Many galactic TeV sources appear to be associated with pulsars via their wind nebulae, comprised of relativistic wind particles confined by the pressure of the surrounding medium (Gaensler & Slane 2006). The initially highly supersonic wind terminates in a shock that can be associated with axisymmetric, toroidal structures often seen in the X-ray images of PWNe (e.g., Kargaltsev & Pavlov 2008). PWNe now represent the most populous class of Galactic TeV emitters (Hinton & Hofmann 2010). The non-thermal emission seen in PWNe from the radio up to gamma rays below a few GeV or less is generally interpreted as synchrotron radiation from the accelerated leptons. The emission observed at higher energies, up to several TeV, can be produced via inverse Compton (IC) scattering of these same high-energy electrons with background photons (e.g., the cosmic microwave background (CMB), infrared radiation from dust, starlight, and synchrotron photons; Atoyan & Aharonian 1996). Alternatively, hadronic mechanisms may also be responsible for the TeV emission, in which case the wind should be composed of relativistic hadrons that collide with the ambient medium and produce pions, with the TeV emission coming from π0 decay. To date, however, there has been no solid evidence requiring a large contribution to the gamma-ray emission from such hadronic processes.

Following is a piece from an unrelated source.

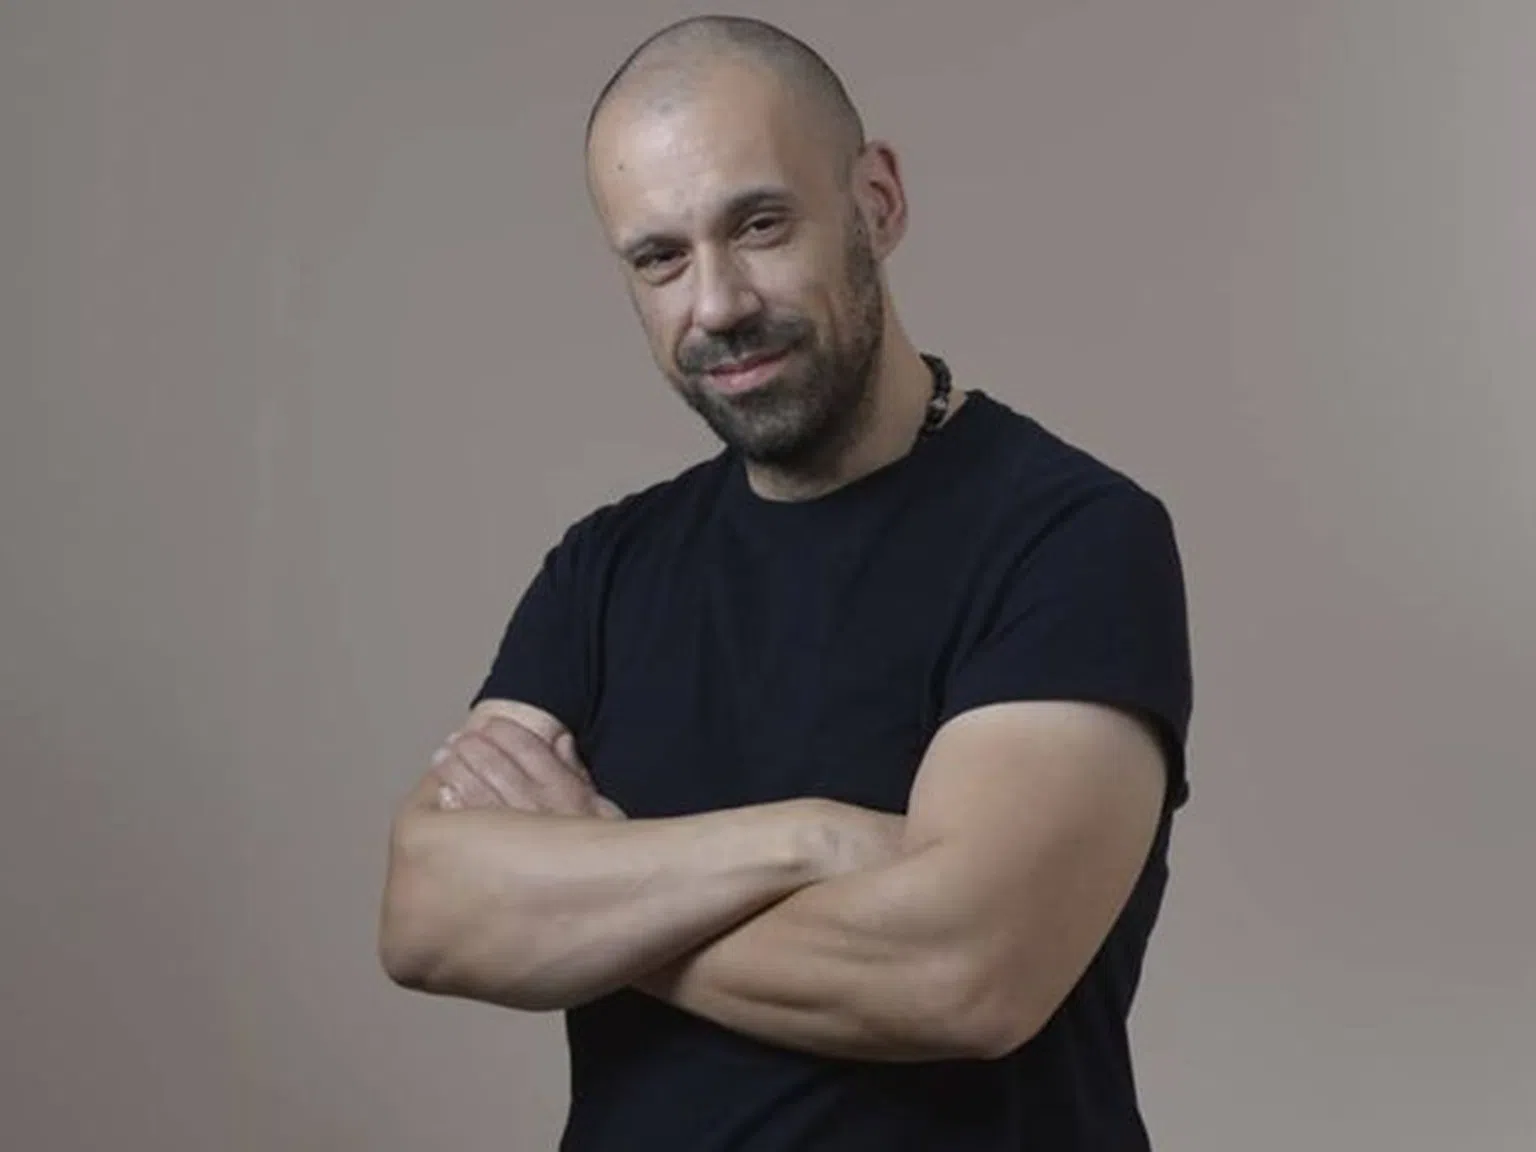 Диетата на Атанас Узунов е рекордьор в свалянето на килограми, твърди създателят ѝ

PWNe experience several stages of evolution (e.g., Gaensler & Slane 2006). At an early stage, the pulsar wind freely expands into the SN ejecta. For a slowly moving pulsar, the PWN is approximately centered on the pulsar, while for a supersonically moving pulsar the PWN will take a cometary shape. At later times, the PWN is compressed by the reverse SNR shock and may be displaced significantly from the pulsar if the reverse shock is asymmetric. Such crushed and displaced PWNe have been dubbed relic PWNe.

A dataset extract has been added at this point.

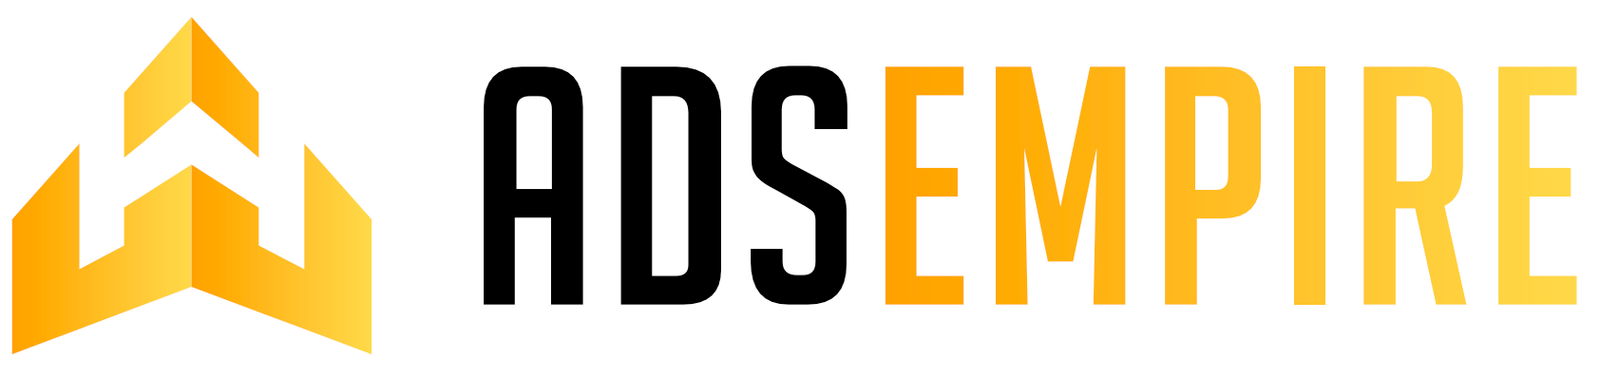 AdsEmpire Logo

The X-ray and gamma-ray observations of CTA 1 suggest that the extended non-thermal emission around the gamma-ray pulsar is a synchrotron PWN. Motivated by these observations, model calculations by Zhang et al. (2009) suggested that the TeV emission is largely produced by the PWN and that the level of emission should be detectable at TeV energies by VERITAS. For IC scattering off the PWN electrons, Zhang et al. (2009) predicted a gamma-ray flux Fγ(1–30 TeV) ∼ 1.1 × 10−12 erg cm−2 s−1. Previous TeV observations of CTA 1 by the earlier imaging atmospheric Cherenkov telescopes gave upper limits, as follows: 2.64 × 10−11 photons cm−2 s−1 (E > 250 GeV) by CAT (Khelifi et al. 2001), 1.25 × 10−11 photons cm−2 s−1 (E > 620 GeV) by Whipple (Hall et al. 2001), and 1.09 × 10−12 photons cm−2 s−1 (E > 1.3 TeV) by HEGRA (Rowell et al. 2003).

In this paper, we report the Very Energetic Radiation Imaging Telescope Array System (VERITAS) detection of TeV emission from the central region of CTA 1.

2. VERITAS INSTRUMENT AND OBSERVATIONS

The VERITAS uses ground-based detection techniques pioneered by its predecessor, the Whipple 10 m Telescope (Weekes et al. 1989), to explore the universe in very high energy (VHE) gamma rays from ∼100 GeV to ∼30 TeV. The VERITAS telescope array consists of four 12 m diameter Davies–Cotton telescopes and is located at the base camp of the Fred Lawrence Whipple Observatory in southern Arizona (Holder et al. 2011). Flashes of Cherenkov light from gamma-ray and cosmic-ray showers are focused by a set of mirrors onto a camera located in the focal plane of each telescope. Each camera comprises 499 photomultiplier tube pixels and light concentrators arranged in a hexagonal pattern with a total field of view of 3fdg5. Stereoscopic imaging of showers from multiple viewing angles allows the determination of the shower core location relative to the array using simple geometric reconstruction techniques that rely on the fact that the major axes of the shower images are projections of the shower axis. The combined instrument has an angular resolution of <0fdg1 (68% containment) and energy resolution of 15%–20% for energies >200 GeV. It can detect a source with a flux of 1% of the steady Crab Nebula VHE flux at a 5 standard deviation significance level in less than 30 hr (Ong et al. 2009).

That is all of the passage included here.